If, for some reason, an unintended leakage path appears
to a source of voltage that is higher than the capacitor
voltage, it will charge up to the higher voltage. If, on
the other hand, the leakage path is to a source of
voltage that is lower than the capacitor, it will
discharge to the lower voltage In either case, the
result of leakage will be that the speed reference
voltage will drift away from its intended value, with
potentially serious results as far as the control of
vehicle speed is concerned.
This particular patent relates to potential guard
rings designed to overcome leakage problems found in
earlier cruise control modules. It describes very
clearly some of the problems that electronics engineers
have come across when using printed circuit boards in
harsh environments, such as the engine compartment of
automobiles. For example, the abstract says :
" When a conventional printed wiring board
is subjected to a harsh environment, leakage can
develop between adjacent conductors over a period of
time. If high impedance circuits are employed on the
board, such leakage can adversely affect circuit
performance. The effect of such leakage can be
minimised if the circuit layout is so arranged that
potentially troublesome leakage occurs only to
elements that operate at comparable operating
potentials. In one embodiment of the invention a
circuit is shown having a high impedance point on a
printed wiring board intended for an automotive
application.
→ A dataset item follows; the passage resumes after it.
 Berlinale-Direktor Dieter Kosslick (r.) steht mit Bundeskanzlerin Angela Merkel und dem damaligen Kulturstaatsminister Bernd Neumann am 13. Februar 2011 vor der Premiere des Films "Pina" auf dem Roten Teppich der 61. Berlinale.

The high impedance wiring conductor is
completely surrounded by a metal conductor that is
connected to a potential point in the circuit that
approximates the potential at which the high impedance
point will operate. When the automotive environment
results in surface leakage, there will be very little
change in the operational character of the high
impedance circuit."
Broadly speaking the picture the patent presents of a
harsh environment is comparable to that presented by
Kimseng below. The patent continues :
"The combination of moisture with corrosive
fumes constitutes a particularly severe problem
because it can create conductive paths on insulating
surfaces. This means that conductive paths exist where
none are desired. This is most troublesome in high
impedance circuits. Ordinarily solid state circuits
operate at low impedance levels and are relatively
tolerant of moderate leakage. However in some
applications high impedance circuits are called for
and these constitute a particular problem."
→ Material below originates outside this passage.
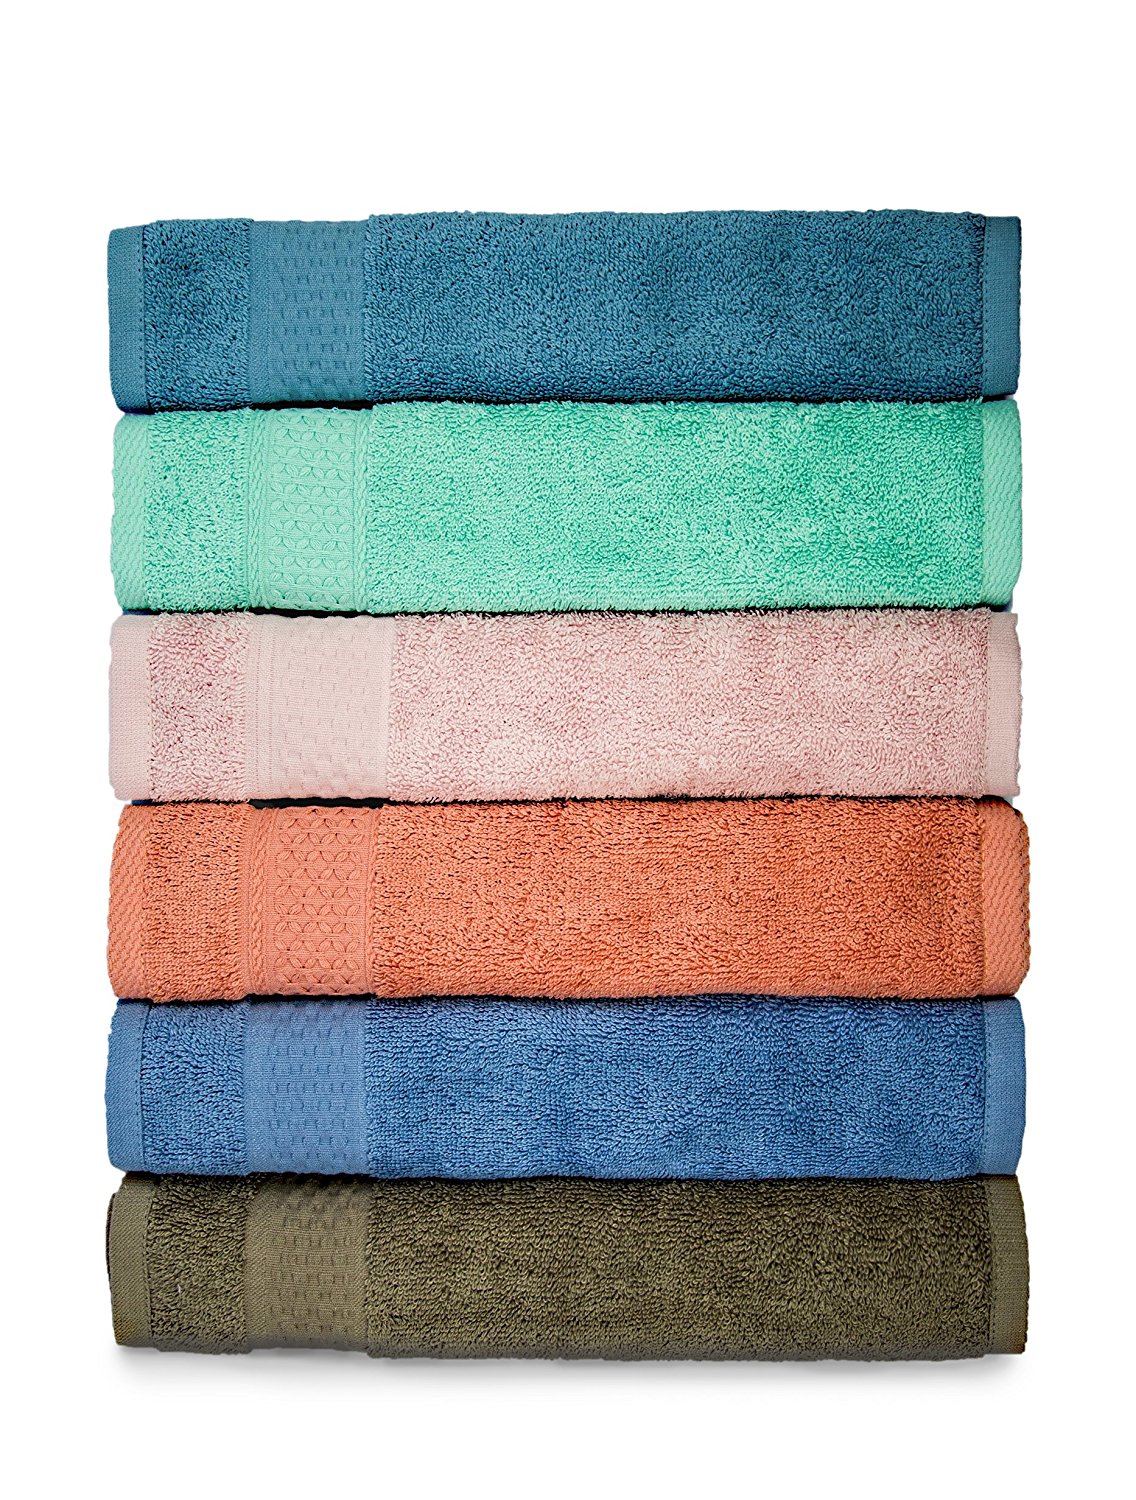 Cleanbear Cotton Bath Washcloths

The particular components that the patent highlights as
being vulnerable to leakage are the high quality
capacitors [Note 3] used to store speed reference
voltages, in which very little leakage can be tolerated
because the reference voltage must be kept constant for
extended periods of time. To overcome the leakage problem
the high impedance points of a printed circuit board are
individually surrounded with a closed ring of conductive
material.
"This ring can be a separate conductor or
in the interest of economy it can be part of the
regular wiring. The ring is connected to a source of
d-c potential that approximates the operating
potential of the high impedance point. Thus even
though some surface leakage develops the leakage will
not alter the potential at the protected point to the
degree that uncontrolled leakage would produce."
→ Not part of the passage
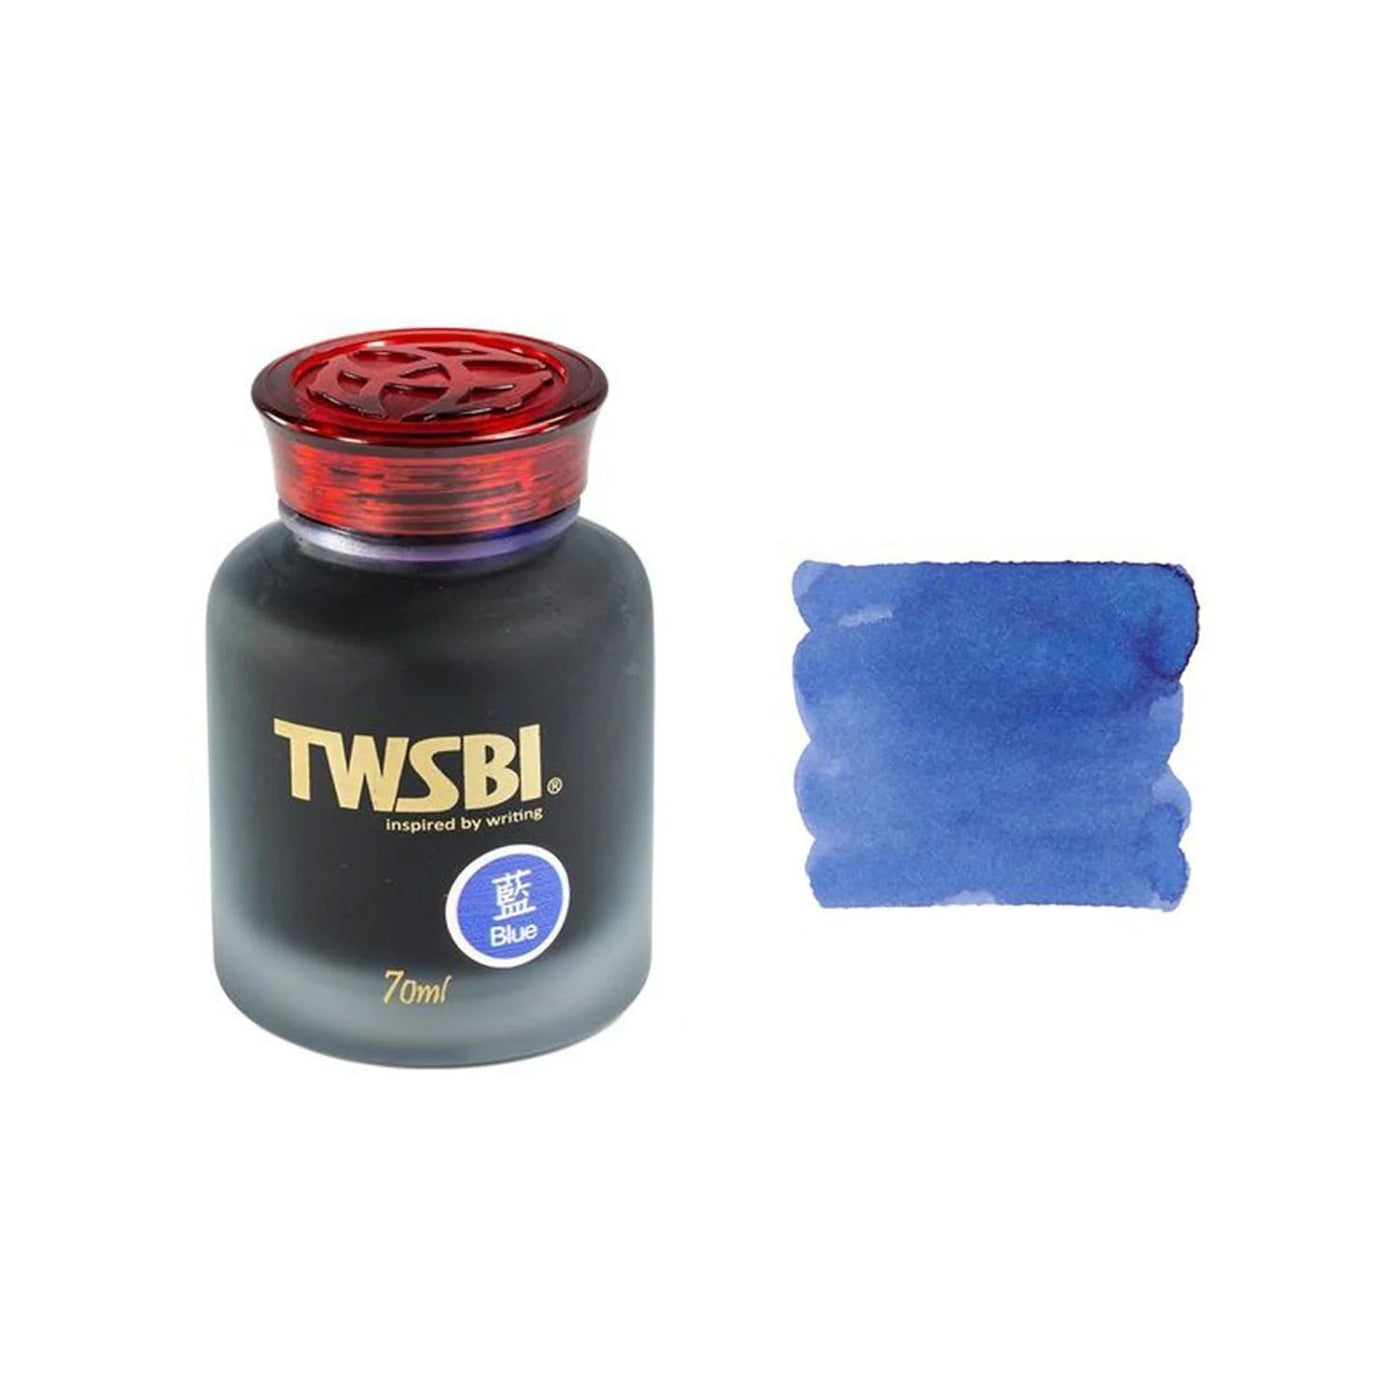 TWSBI Ink Bottle, Sapphire Blue - 70ml

The patent then continues:
"In a typical embodiment of the invention
in an automatic speed control circuit, a high
impedance point is surrounded with a conductor ring
that is connected to the reference source potential
which represents the d-c voltage level that the high
impedance point will normally achieve. This action in
practice constitutes a safety feature. If the high
impedance point were to develop uncontrolled leakage
to a point of substantially different potential, the
speed control circuit could malfunction to result in
excessive accelerations of the vehicle."
This paragraph implies : (a) that if surface leakage
develops on a cruise control module printed circuit
board it may result in charging or discharging the memory
capacitor causing the speed control circuit to malfunction
and possibly cause excessive accelerations of the vehicle;
(b) that that the guard ring constitutes a safety feature
that protects against excessive accelerations. By
implication, if the guardring should become disconnected,
wrongly connected or omitted, it will cease to fulfil its
safety function. Without an effective guard ring, moisture
and corrosive fumes may cause leakage currents on
insulating surfaces which in turn may cause the memory
capacitor to overcharge or to discharge, thereby causing a
risk of an excessive acceleration.
The originators of the patent have focussed on an
innovative way of reducing the effect of leakage
in a high impedance circuit in a hostile environment.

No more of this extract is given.